The text proper is structured as fifty-three chapters, each devoted to one patriarch. Each chapter opens with a brief biographical sketch (in kana), then the kōan-encounter (機縁 kien) of that patriarch’s awakening, then Keizan’s explanatory commentary (in kanbun) on the dharma-content of that encounter, and closes with a concluding jìsòng (偈頌) verse summarising the matter. The structure is modelled on the Sòng transmission-of-the-lamp tradition (Jǐngdé chuándēnglù, Jiātài pǔdēnglù, etc.) but is far more pedagogically organised: each chapter is essentially a stand-alone teaching-text that can be used in a single training session.
The biographical preface from the Edo editio princeps records Keizan’s life-history: born Bun’ei 5 (1268) in Tane-gun, Echizen province 越前州多禰郡 (modern Echizen-shi, Fukui), lay surname Fujiwara 藤. His mother dreamt of swallowing sunlight before conceiving him. Tonsured at age 8 under Tettsū Gikai 徹通 徹通義介, ordained at age 13 under Koun Ejō 懷奘. After awakening at age 22 under Tettsū Gikai on the Heijōshin-kore-dō (“ordinary mind is the Way”) kōan of Zhàozhōu, he became abbot of Jōman-ji 城滿寺 in Awa, then succeeded Tettsū at Daijō-ji 大乘寺 in Kaga. Founded Yōkō-ji 永光寺 in Noto and Sōji-ji 總持寺, both in Noto (modern Ishikawa). Died 1325. Posthumous title Bùtsu-ji Zenji 佛慈禪師 with later additions Sōji Enmei Kokushi 總持圓明國師.

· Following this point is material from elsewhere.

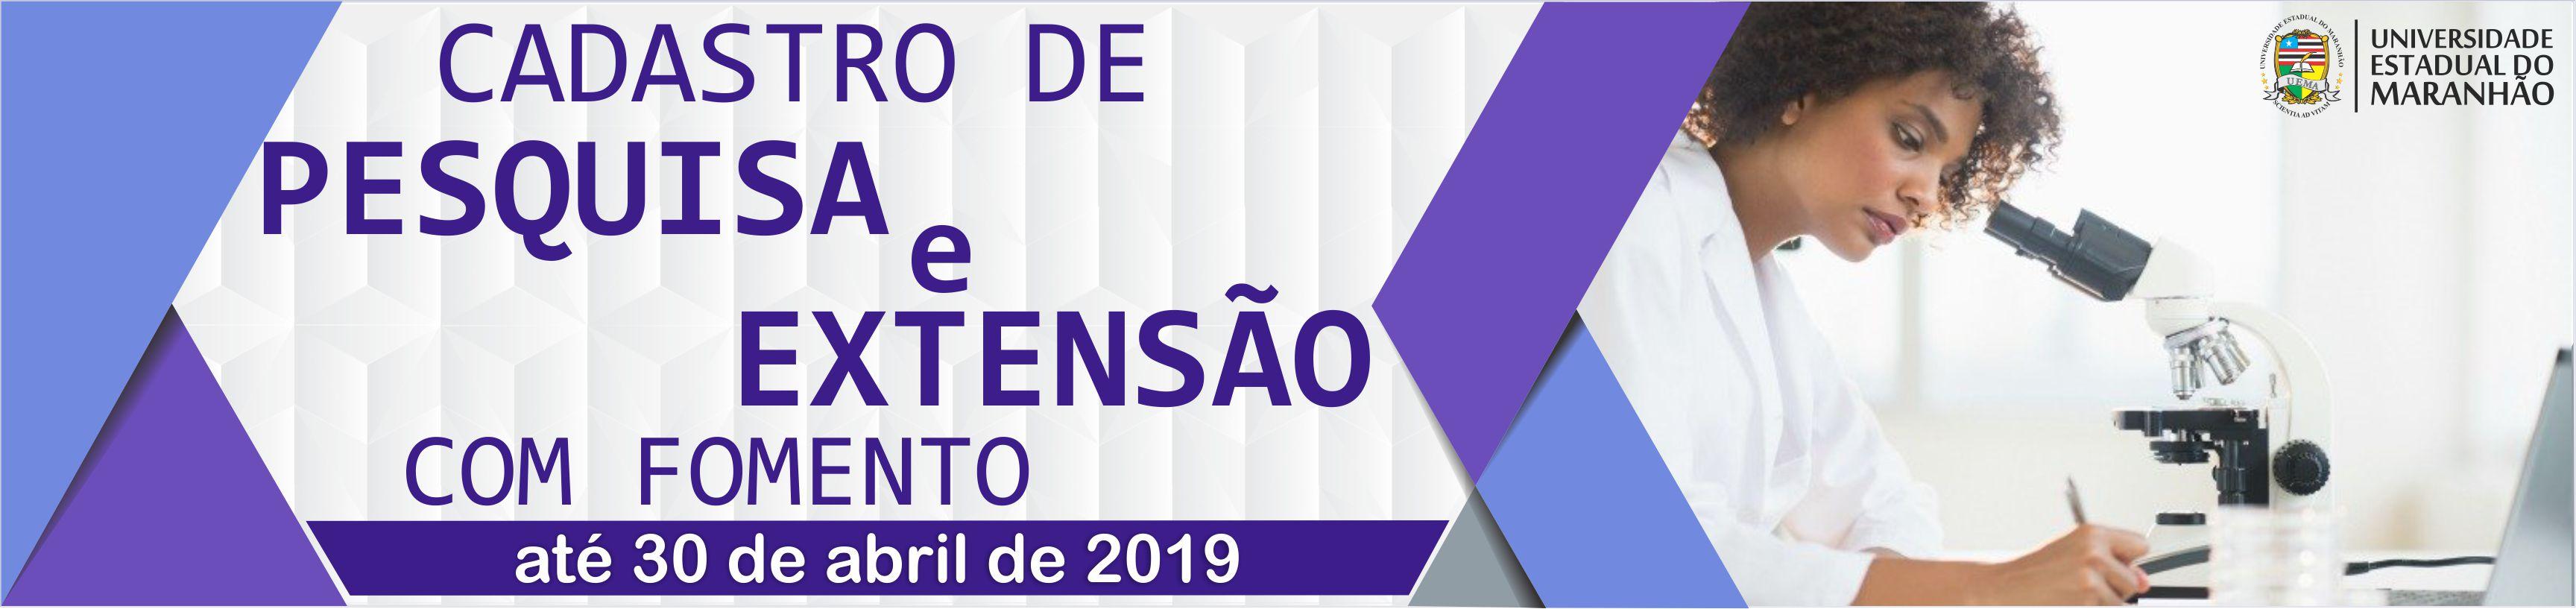 Divulgação_Pesquisa_com_fomento_2019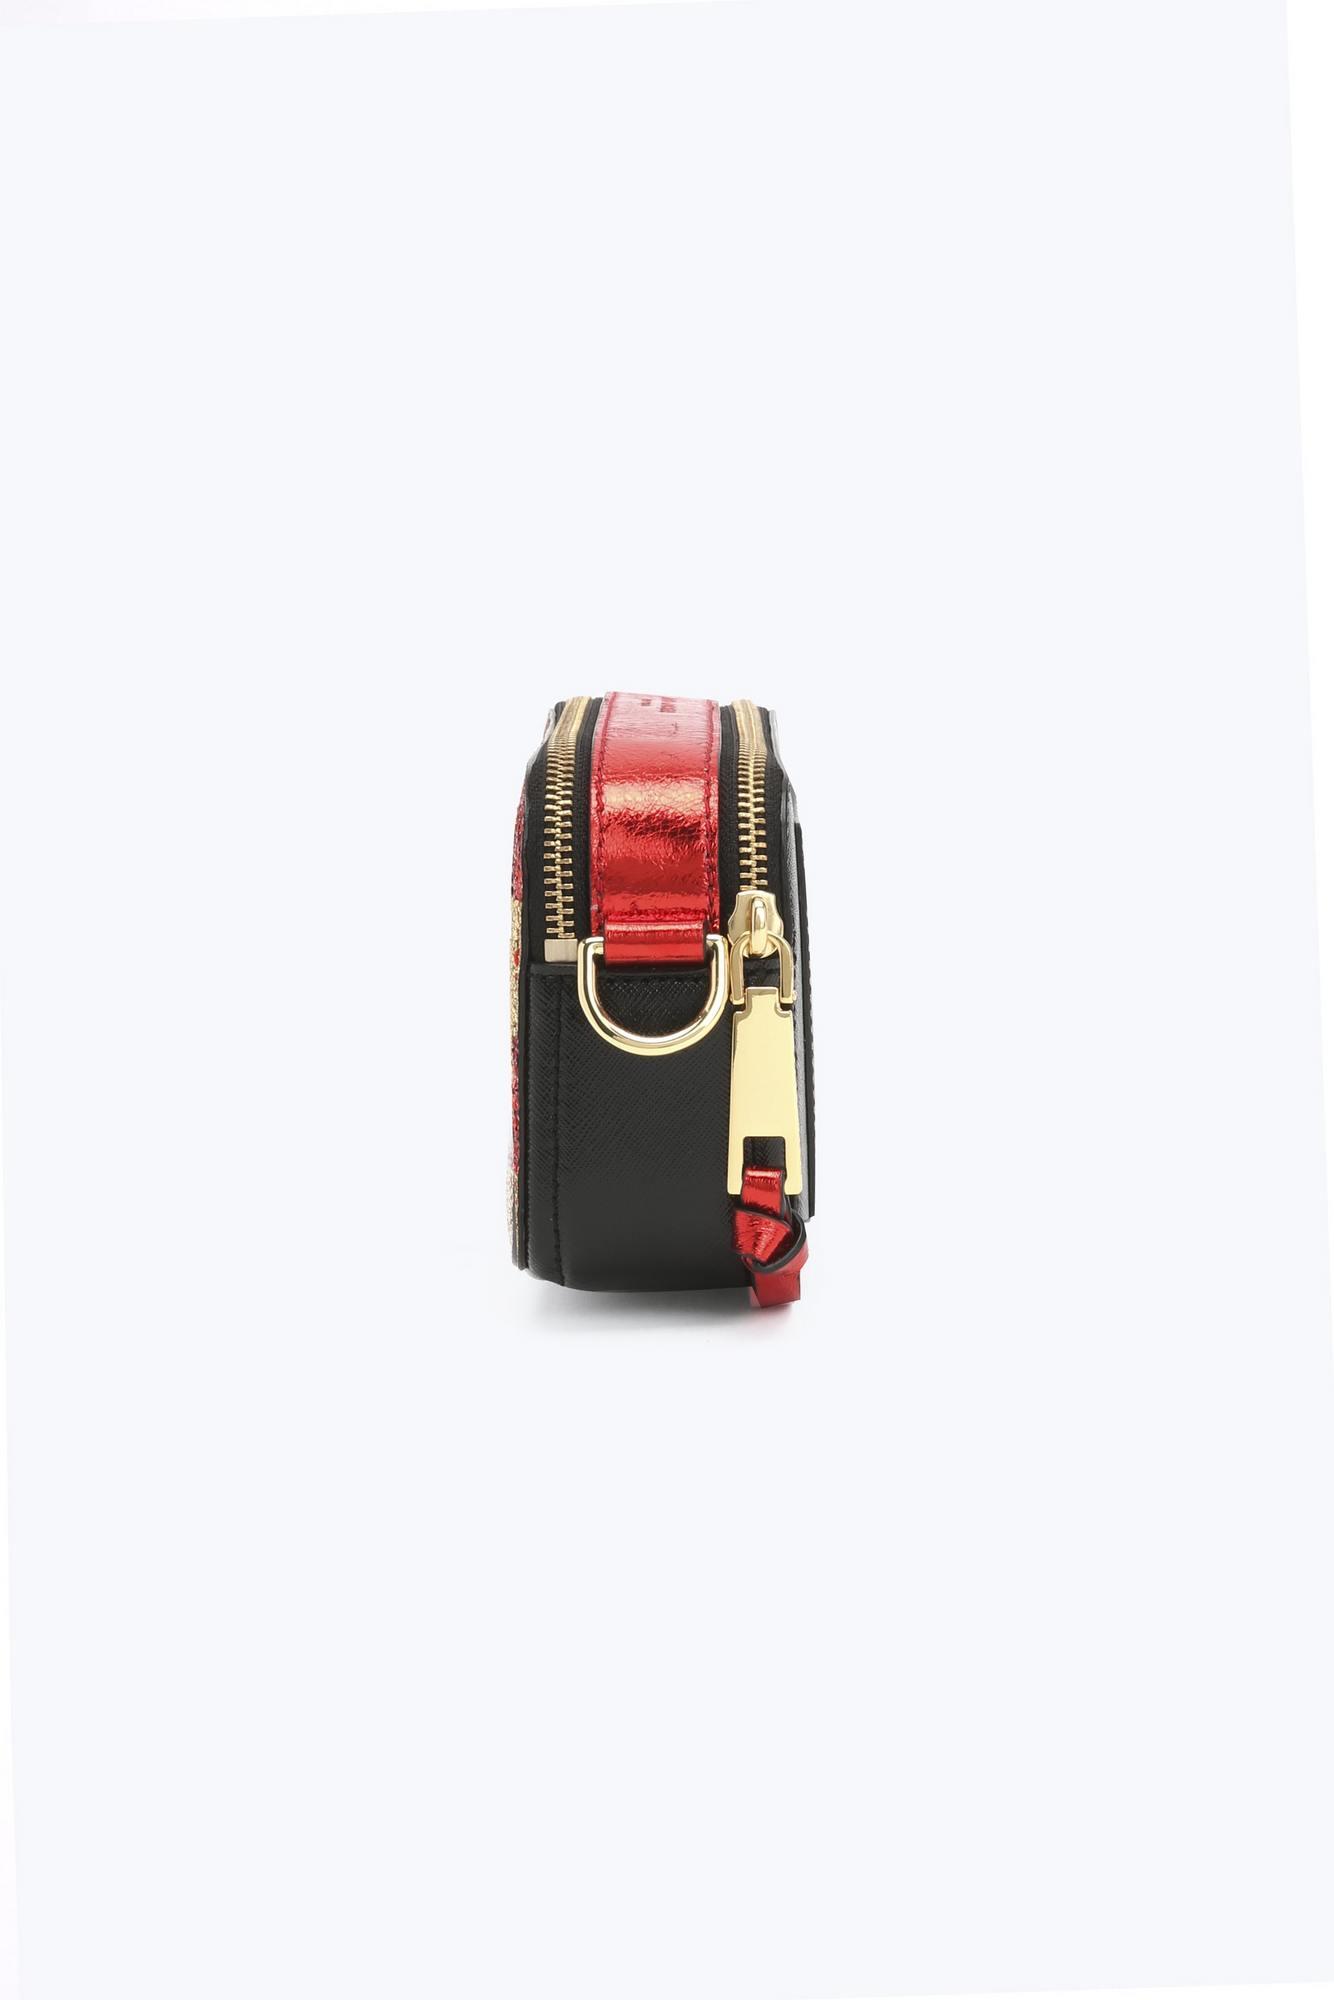 06261bec66d2 Checkerboard Snapshot Small Camera Bag

The dating bracket reflects: the work was composed in the period of Keizan’s mature teaching at Yōkō-ji (c. 1300–1325). The Taishō recension is the Edo-period printing.
The work has been canonical for the Sōji-ji line of Japanese Sōtō-Zen — institutionally complementary to Dōgen’s KR6t0288 Shōbōgenzō. As Mu’in’s preface observes: “It is in mutual surface-and-back with the Eihei kōso shōbōgenzō.” Where Dōgen’s Shōbōgenzō lays out the doctrinal philosophy of Sōtō-Zen, the Denkō-roku lays out the dharma-lineage as a sequence of teaching-encounters.
Translations and research
The principal English translation is Francis Dōjun Cook, The Record of Transmitting the Light: Zen Master Keizan’s Denkōroku (Wisdom Publications, 1991, repr. 2003) — complete, with extensive scholarly apparatus. Earlier partial translations include Thomas Cleary, Transmission of Light (Weatherhill, 1990).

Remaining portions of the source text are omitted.